◆ TASK TO COMPLETE: Would you write out the listing verbatim and skip every picture in it?
═════ SOURCE DATA ═════
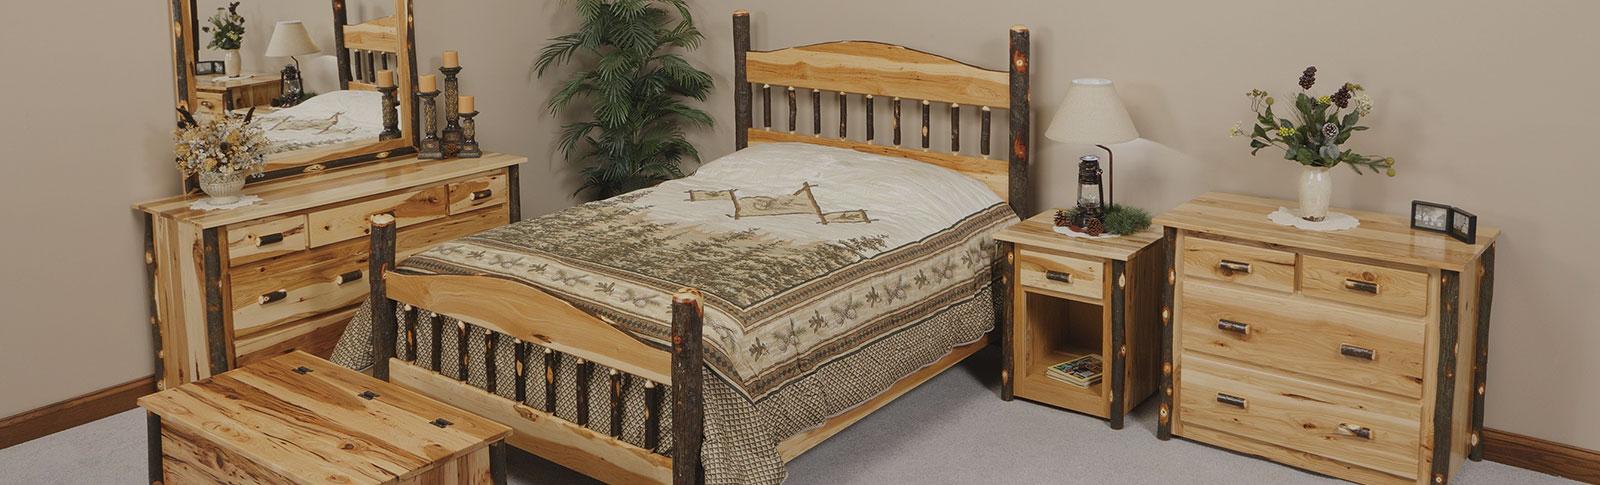 Quality Furniture Store | Bedroom Sets | Dining Room Sets ...
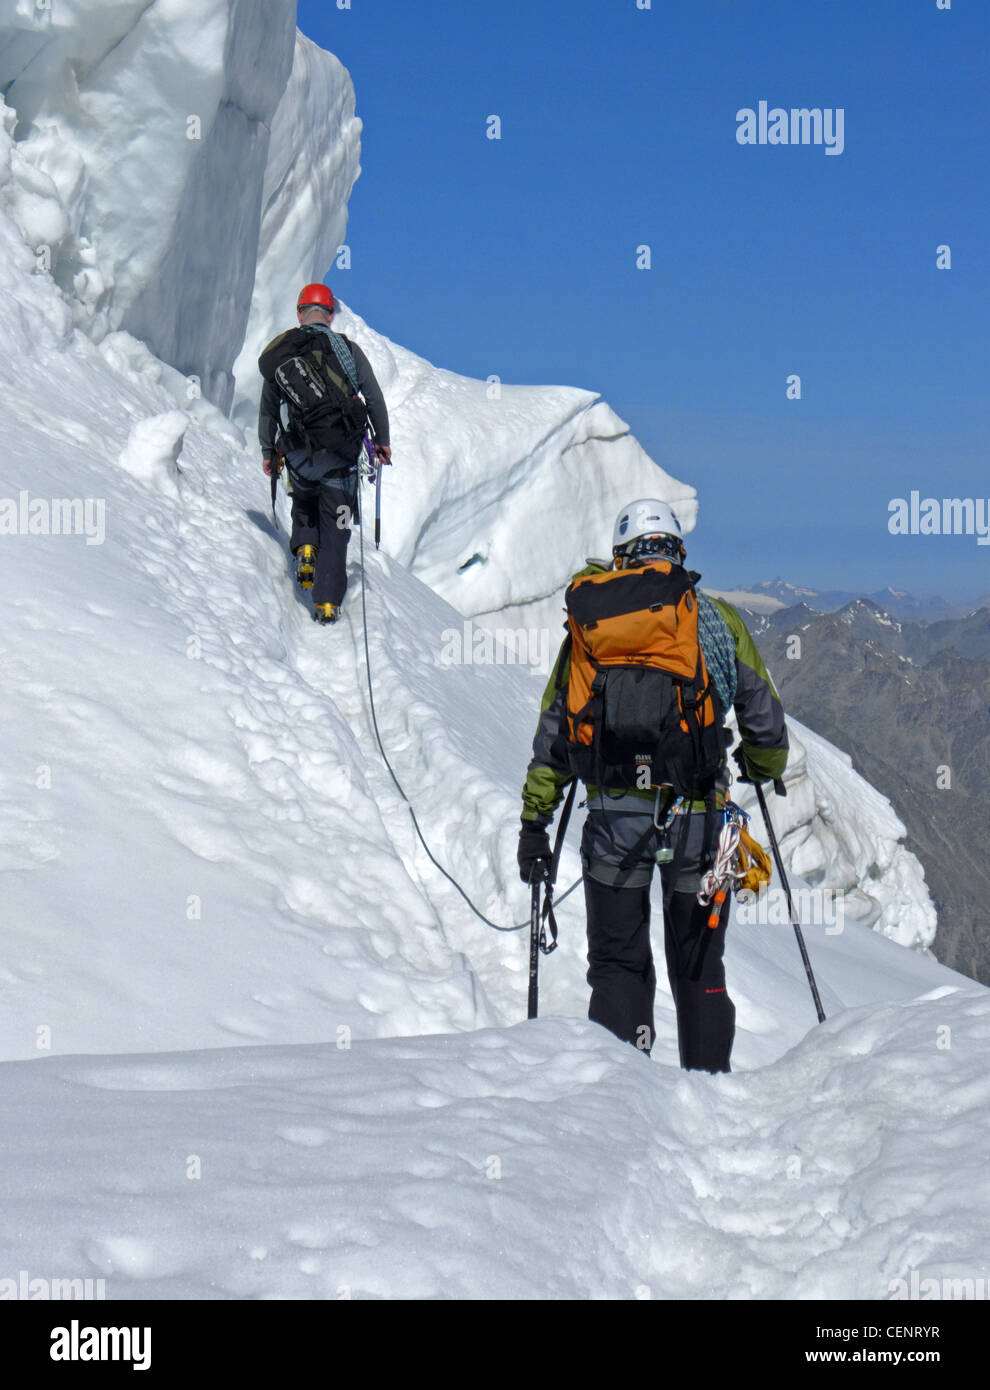 Alpine climbing on the Weissmiess Switzerland Stock Photo
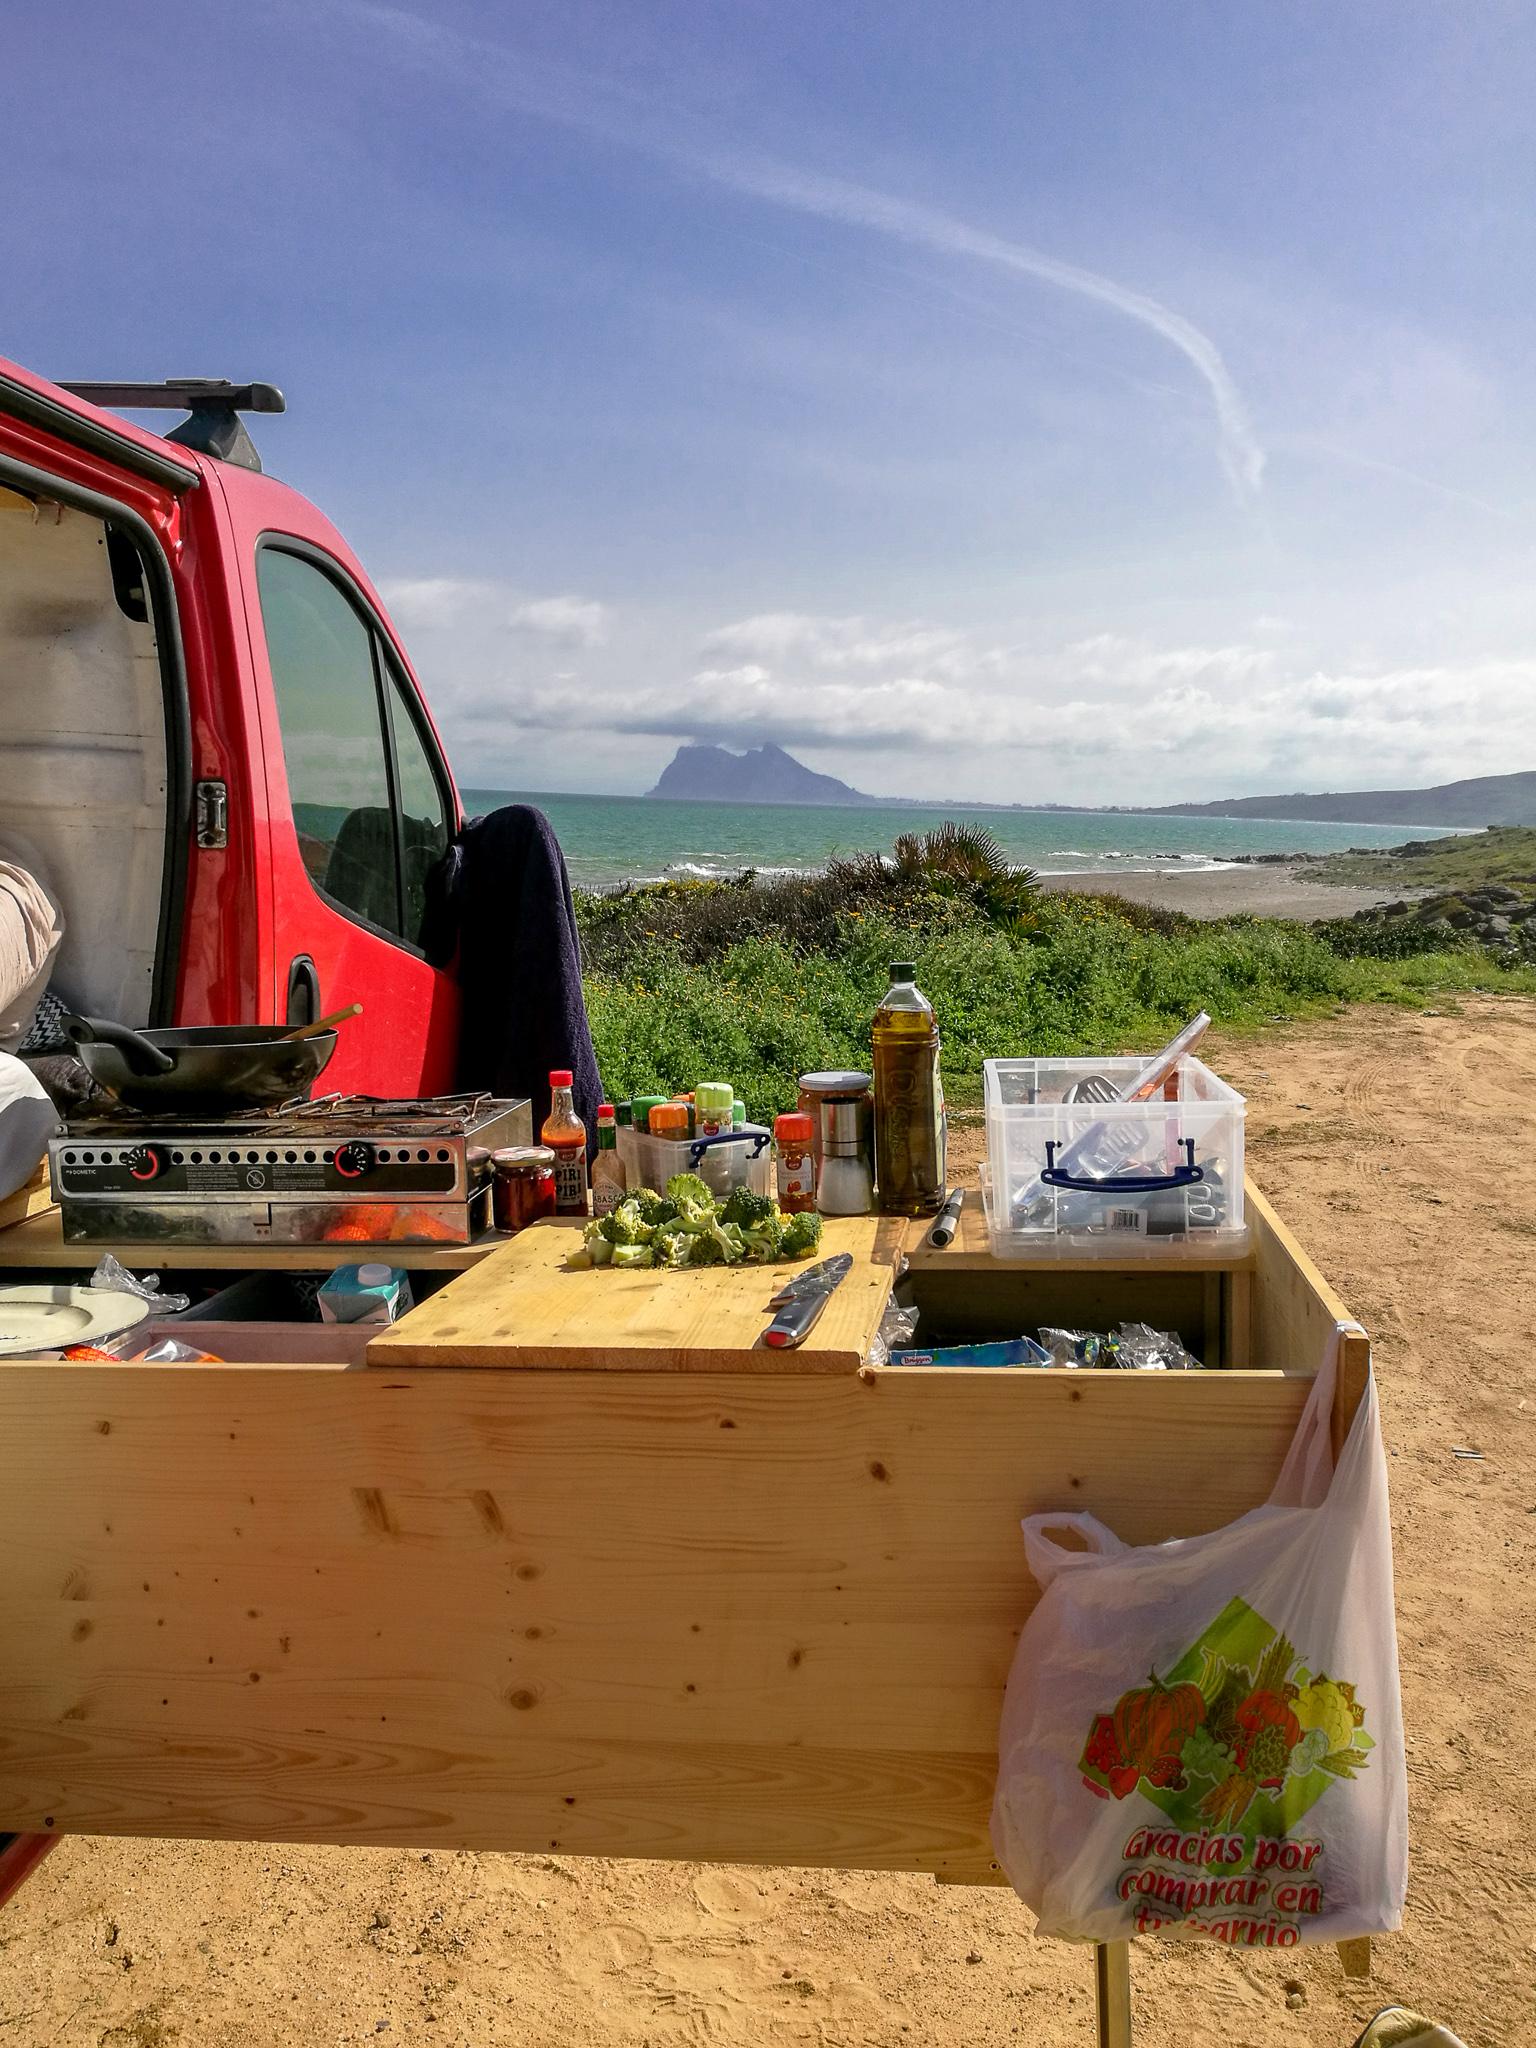 günstig-kochen-essen-reisen-rezeptideen-roadtrip
═════
◆ TASK RESULT:
 Quality Furniture Store | Bedroom Sets | Dining Room Sets ...
 Alpine climbing on the Weissmiess Switzerland Stock Photo
 günstig-kochen-essen-reisen-rezeptideen-roadtrip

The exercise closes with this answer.